12. Your Rights as a Data Subject
Under GDPR and similar laws, you have the following rights regarding your personal data (subject to verification of identity and applicable exceptions):
- Right to be informed (covered by this policy)
- Right of access — request a copy of your data
- Right to rectification — correct inaccurate/incomplete data
- Right to erasure (“right to be forgotten”) — delete data in certain circumstances
- Right to restrict processing — limit use in specific cases
- Right to data portability — receive your data in a structured, machine-readable format
- Right to object — object to processing based on legitimate interests or for direct marketing
- Right to withdraw consent — at any time (where processing is consent-based)
To exercise any of these rights, please email us at sales@divescom.com with sufficient detail for us to verify your identity and process your request. We will respond within one month (extendable by two months for complex cases). There is normally no fee for exercising these rights unless requests are manifestly unfounded or excessive.
13. Children’s Privacy
Our website and services are not directed to children under the age of 16 (or the applicable digital consent age in your jurisdiction). We do not knowingly collect personal data from children.

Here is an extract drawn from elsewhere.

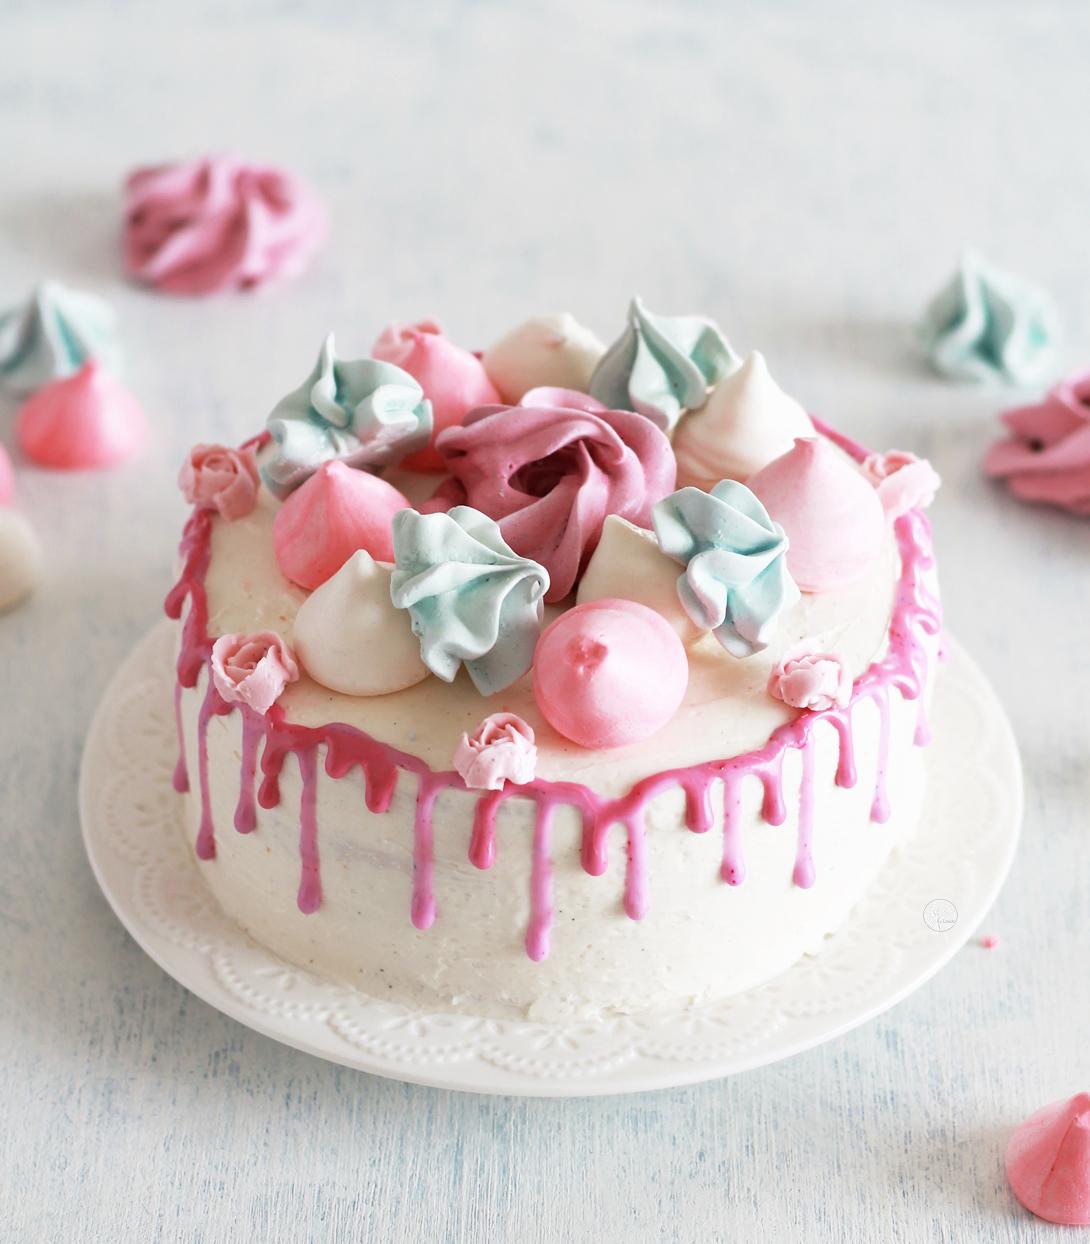 Sponge cake senza glutine con crema al burro meringata - La Cassata Celiaca

If we become aware that we have collected personal data from a child without verifiable parental consent, we will promptly delete such data. If you believe we have collected information from a child, please contact us immediately at sales@divescom.com.

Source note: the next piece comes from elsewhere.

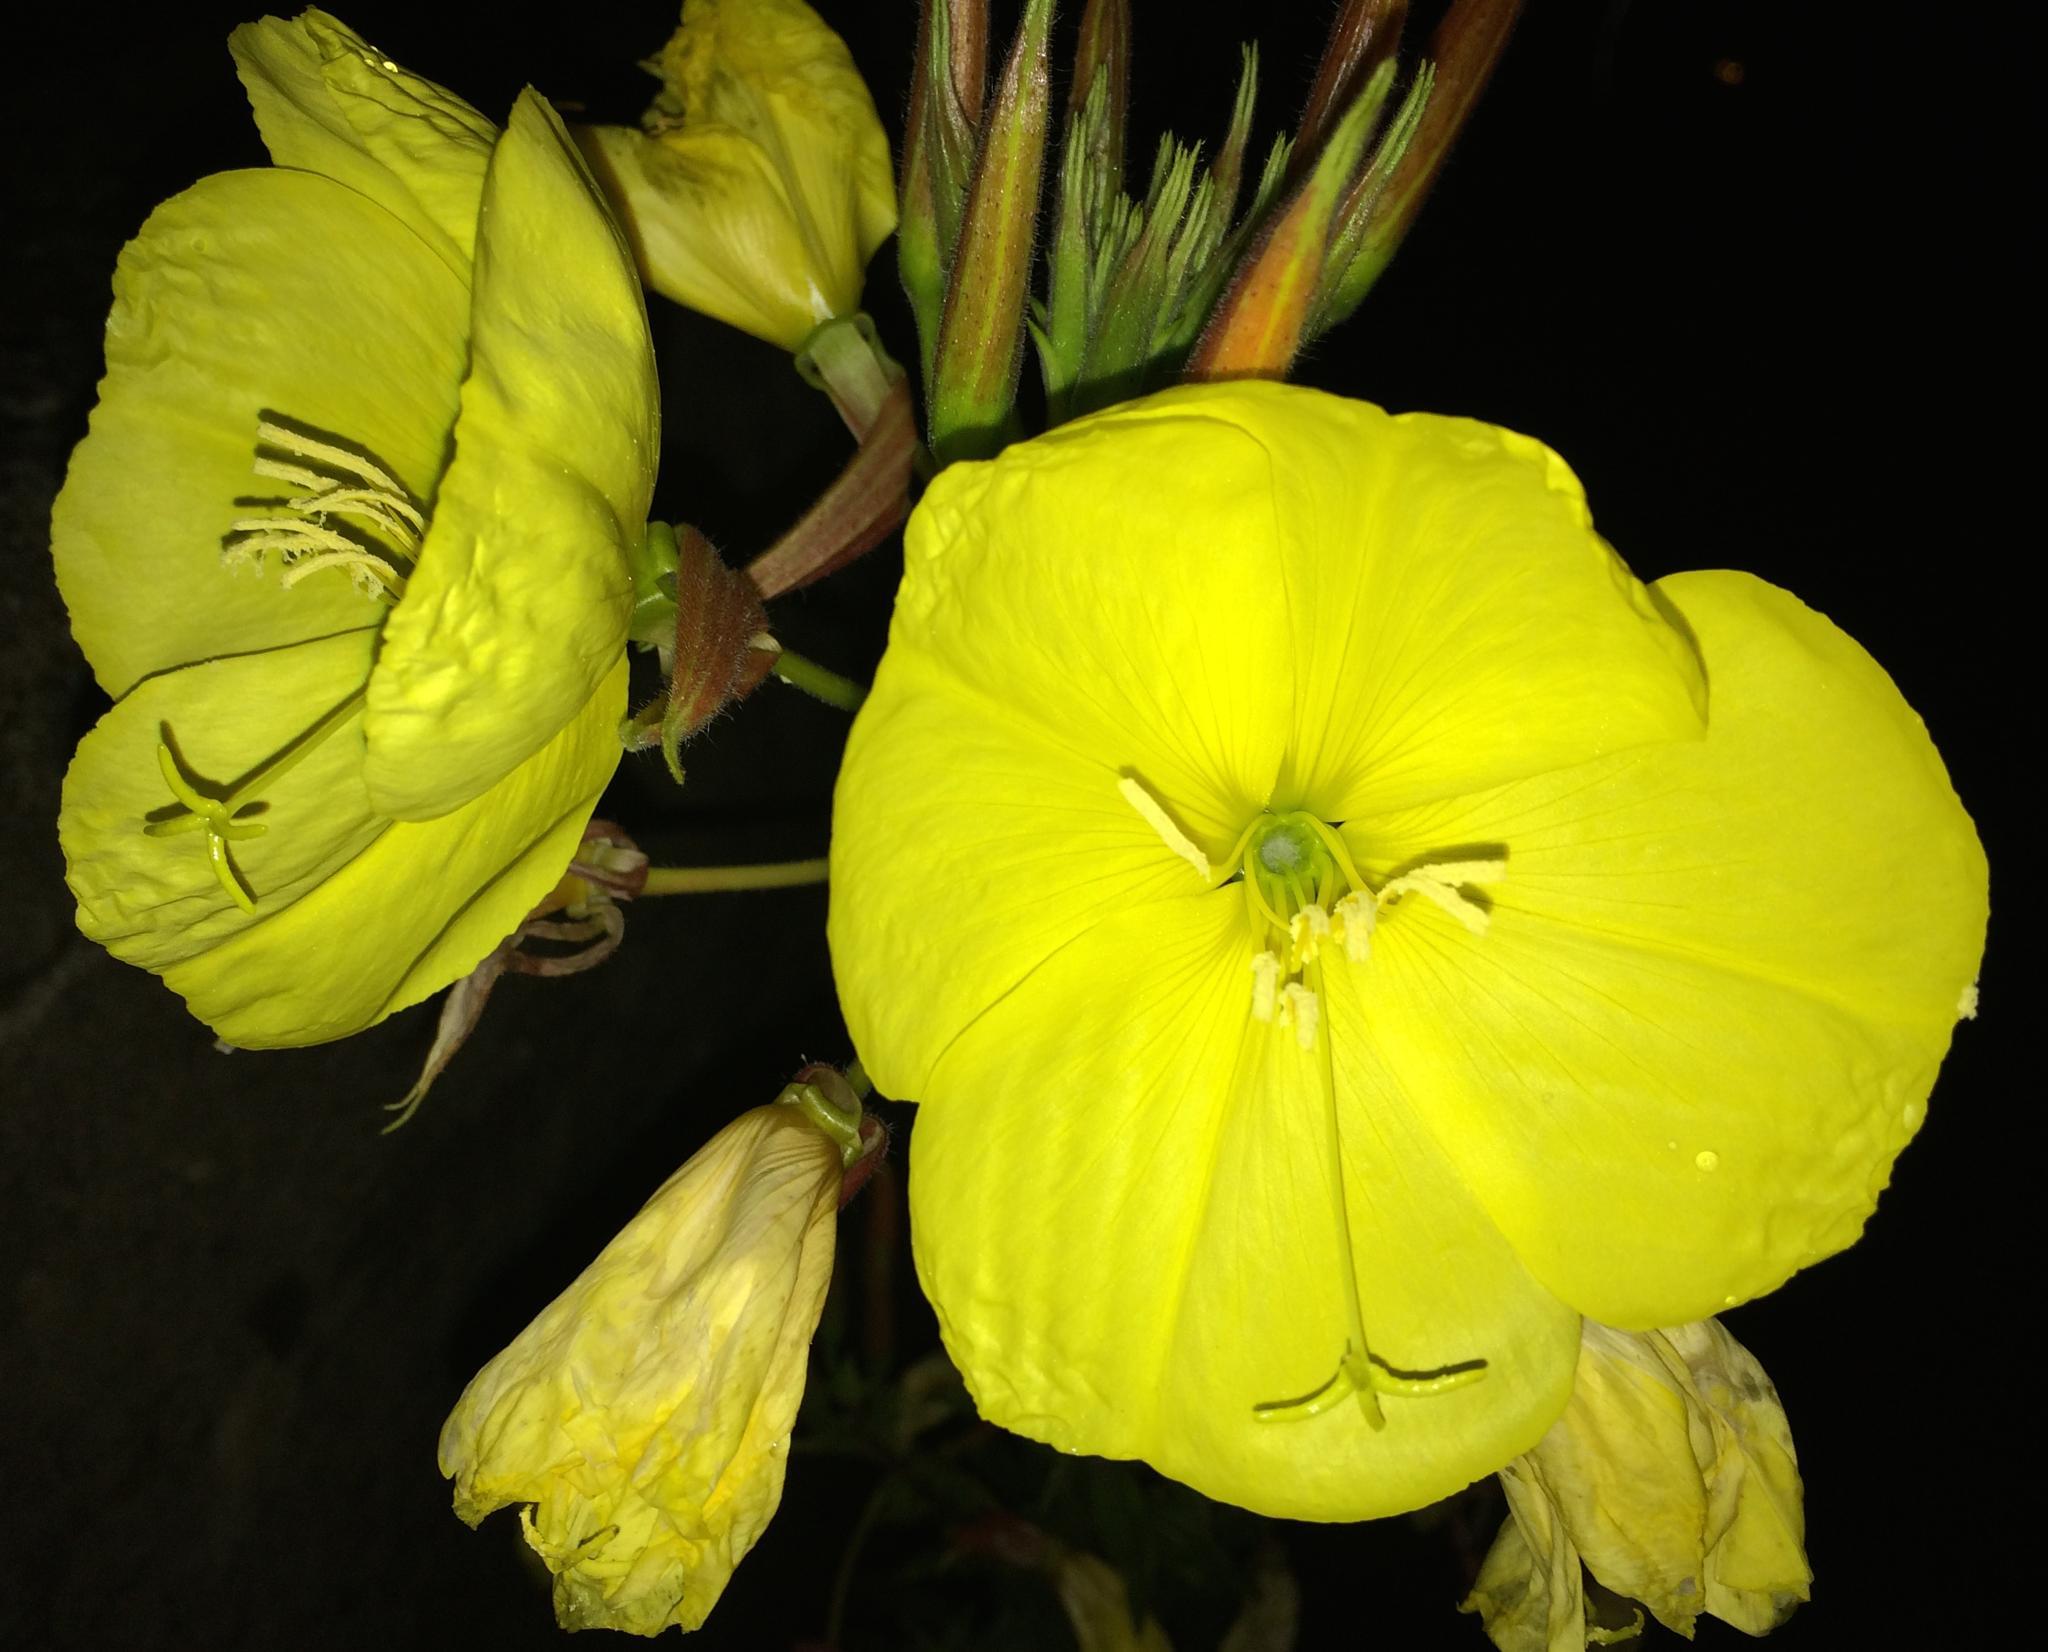 evening primrose at night by m.etemadieh

14. Automated Decision-Making and Profiling
We do not currently carry out automated decision-making (including profiling) that produces legal effects or similarly significantly affects you. Should we introduce such processing in the future, we will update this policy and provide you with meaningful information about the logic involved, significance, and envisaged consequences.
15. Marketing Communications
We may occasionally send you service-related or informational emails (e.g., responses to inquiries or updates about our offerings) based on legitimate interests or consent. We will not send unsolicited promotional/marketing emails without your prior opt-in consent.

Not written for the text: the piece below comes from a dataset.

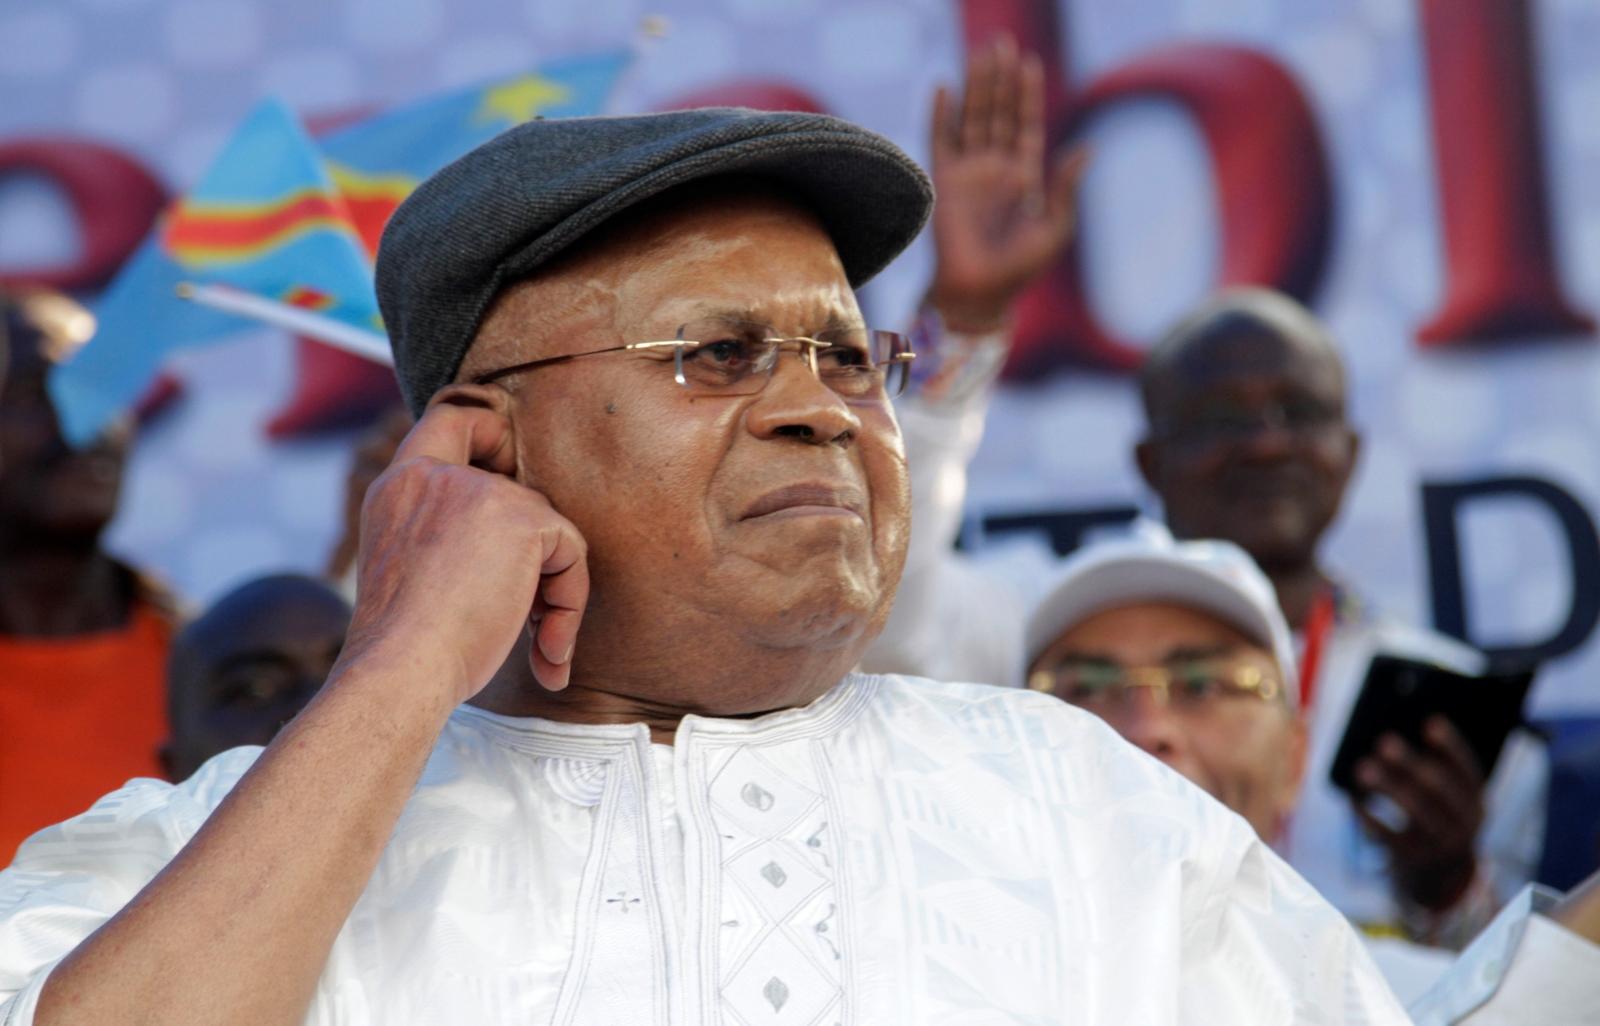 DRC: Tributes flood in after symbol of resistance Etienne Tshisekedi dies, aged 84

You can opt out of any non-essential communications at any time by following the unsubscribe link in the email or by contacting us. We honor opt-out requests promptly.
16. Complaints and Right to Lodge with a Supervisory Authority
If you are unsatisfied with how we have handled your personal data or responded to your privacy concerns, you have the right to lodge a complaint with a supervisory authority — in particular in the EU Member State of your habitual residence, place of work, or where the alleged infringement occurred.
A list of EU supervisory authorities is available at: https://edpb.europa.eu/about-edpb/board/members_en
We encourage you to contact us first so we can attempt to address your concern directly.
17. Updates to This Policy
We may revise this Privacy Policy from time to time to reflect changes in our practices, technology, services, or legal obligations. The updated version will be posted here with a new effective date at the top. Where changes are material, we may provide additional notice (e.g., via email or a prominent notice on the Site).
We encourage you to review this policy periodically. Continued use of the Site after changes constitutes acceptance of the updated terms.